――今後の展望をお聞かせください。
【太田】私たちが目指しているのは、短期的な収益の獲得ではなく、将来のための腰を据えた資産運用のお手伝いです。そのためにファンドラップは、2年以上保有いただいた場合は、当社が頂く運用報酬を3割ディスカウントする仕組みも整えました。
こうした長期保有の考え方は、シニア世代はもちろん、資産形成期にある若年層にも必要とされていくはずです。そこで、これから資産を積み立てていくお客様のために、ラップ型運用を小口化した投資信託「コアラップ」(「コア投資戦略ファンド(安定型)/(成長型)/(切替型)」の愛称)という商品の提供も始めました。今年から長期保有を前提としたNISA(ニーサ、少額投資非課税制度)がスタートし、業界全体でその対応に急いでいますが、当社のコアラップはもともとのコンセプトがNISAと一致しているため、普及の速度が速いですね。コアラップは当社のNISA売れ筋上位に付けています。

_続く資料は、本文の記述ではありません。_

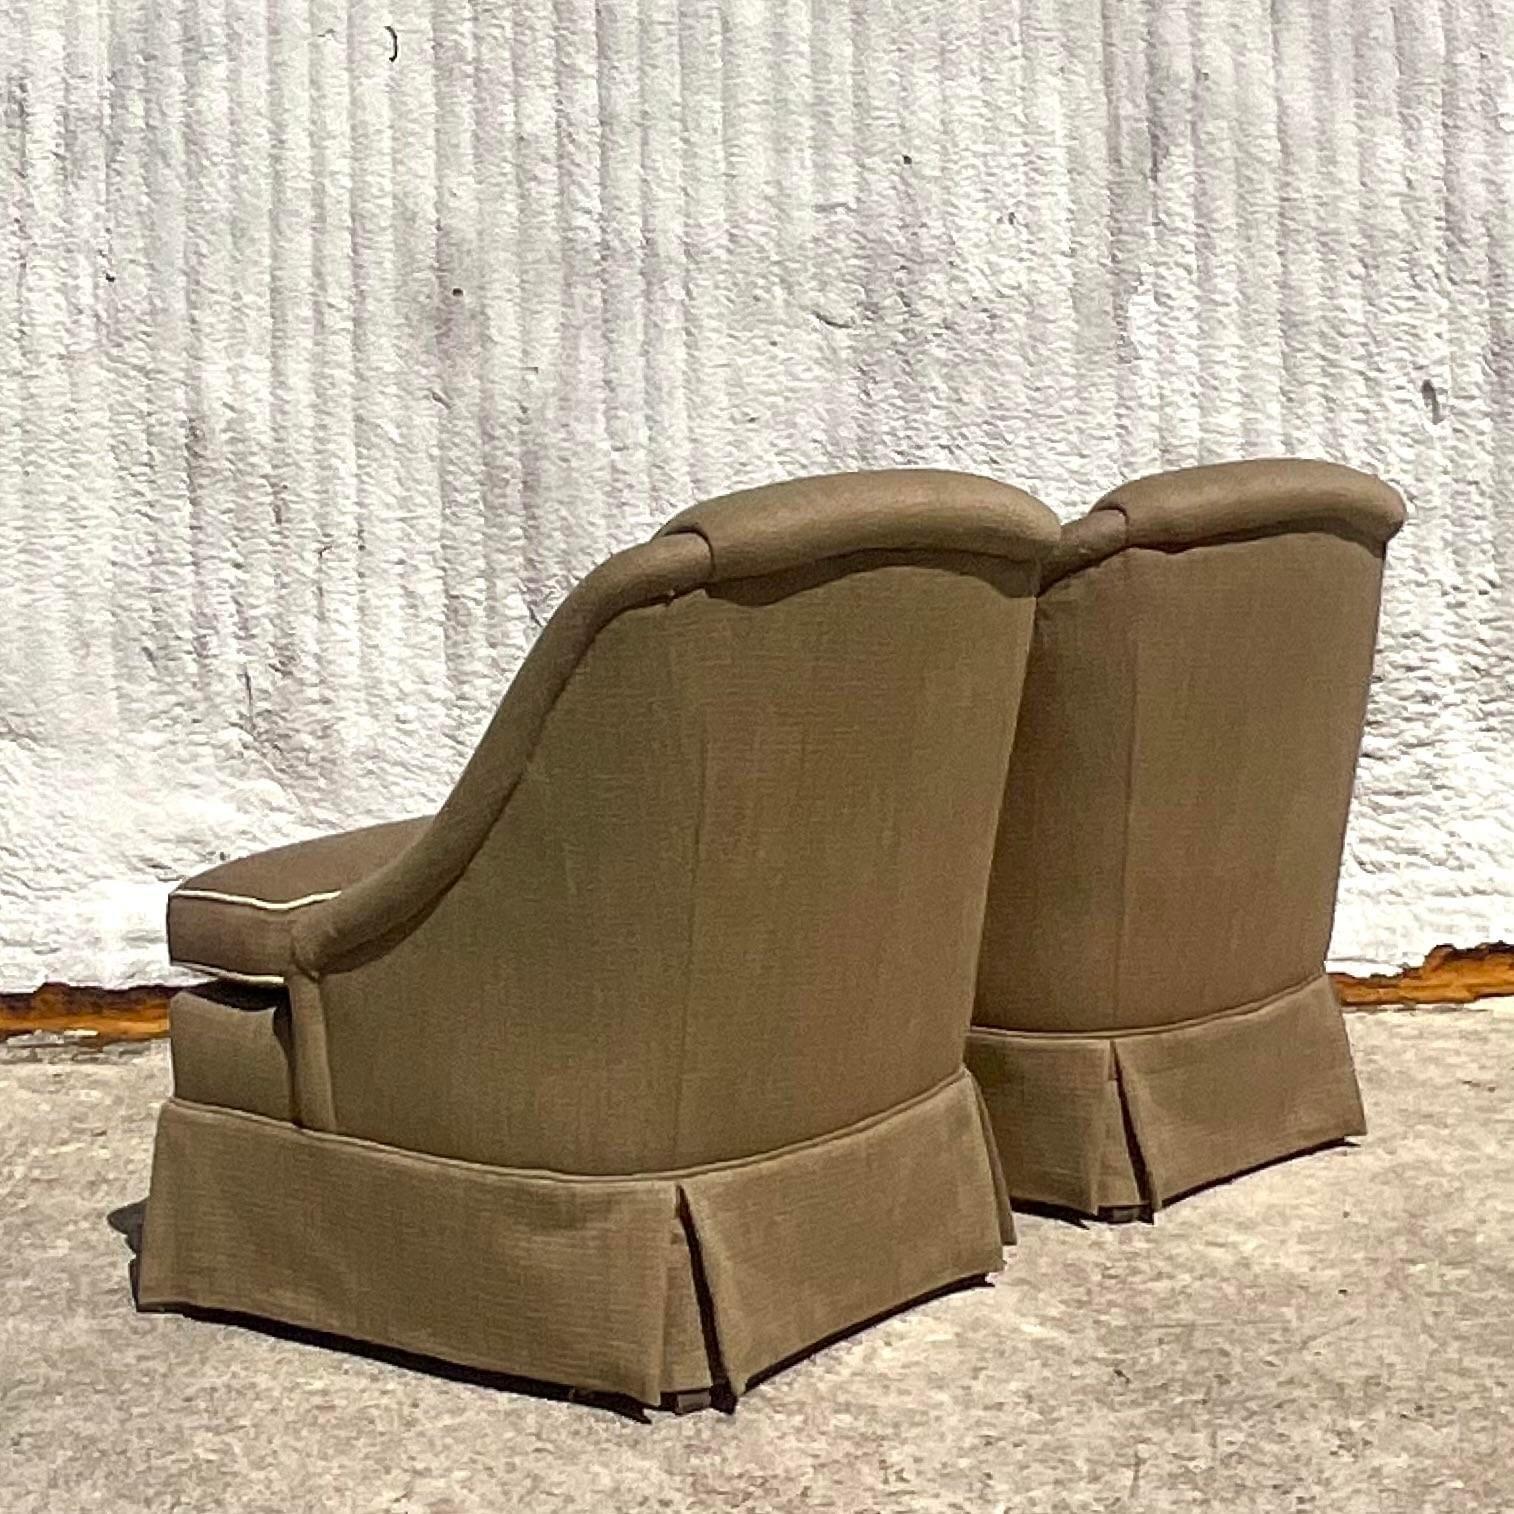 American Vintage Regency Tipped Lounge Chairs - a Pair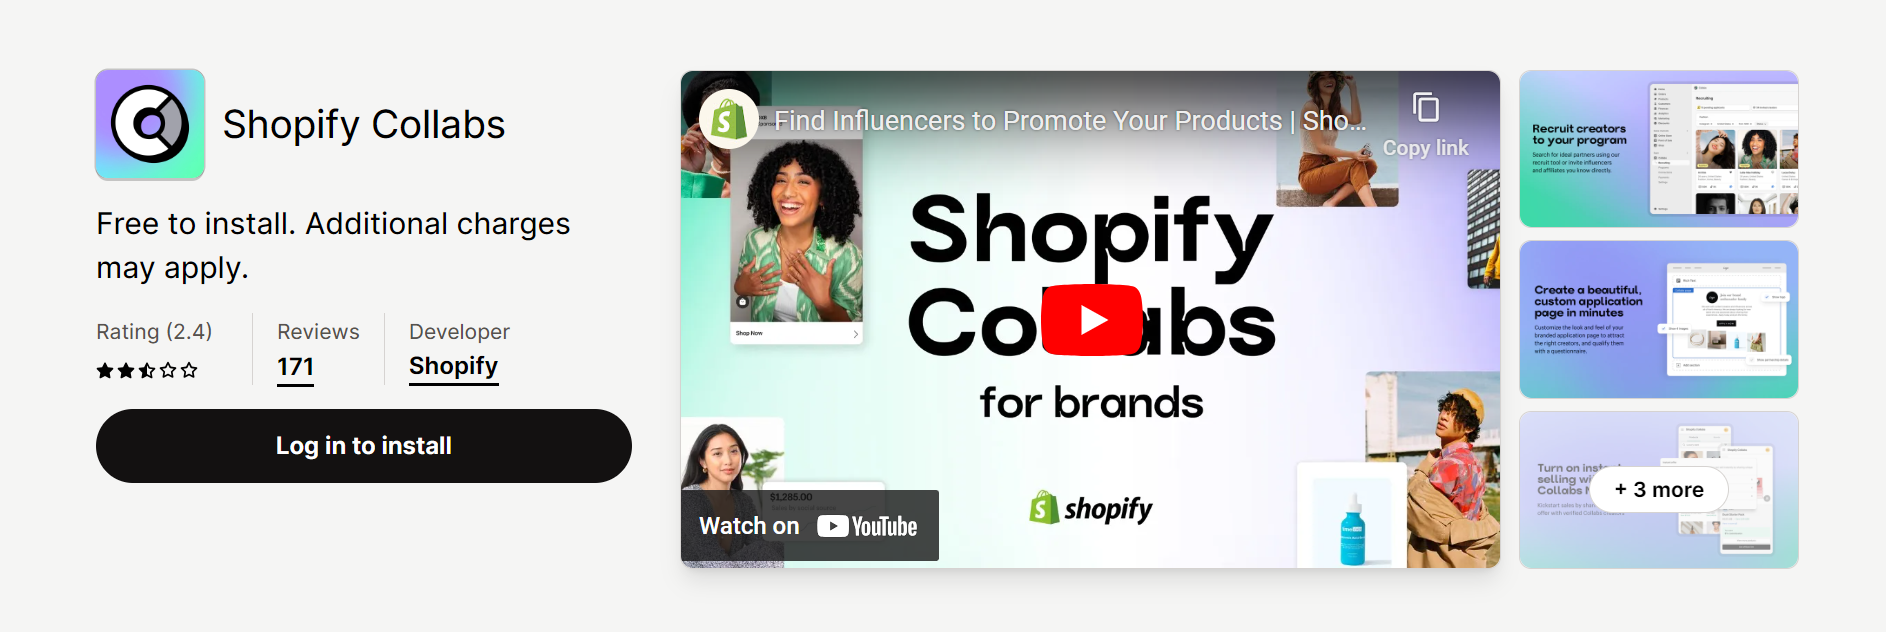 About Shopify Collabs App

また、大口資金の運用ニーズに対しては、3000万円からご利用いただける完全オーダーメイドのポートフォリオを構築するラップ口座「三井住友信託SMA」もご用意しています。資産形成期はコアラップを、ある程度資産が積み上がればファンドラップを、そして、さらに余裕が生まれればSMAを──と、ラップ型商品でお客様のライフステージに応じた最適な資産運用をカバーできるようにラインアップを揃えています。
これらラップ型商品シリーズ「三井住友信託銀行のラップセレクション」は、今年4月には残高が約5000億円と1年で倍増しています。業界全体で見ても、ラップ口座の規模は大幅に伸びています。資産運用ニーズが増していく中、プロに運用を一任できるラップ口座の果たす役割はますます重要なものになっていくでしょう。株式、債券、投信と並ぶ資産運用の新しいカテゴリーとしてラップ口座が広く認知される日も、遠くないと思います。
お客様の考えをうかがい、その方に最適な運用方法を提案し、契約後も継続的なフォローアップを提供するラップ口座は、私たち信託銀行らしさが発揮できるサービスです。お客様の生涯に寄り添う信頼のパートナーとして、今後さらに、運用の安定性を高める工夫やアフターフォローの充実を図っていきます。
※投資一任運用商品(ラップ口座)、投資信託には元本割れとなるリスクがあります。また各種手数料等の費用がかかりますので、投資一任運用商品(ラップ口座)、投資信託のご注意事項をお読みください。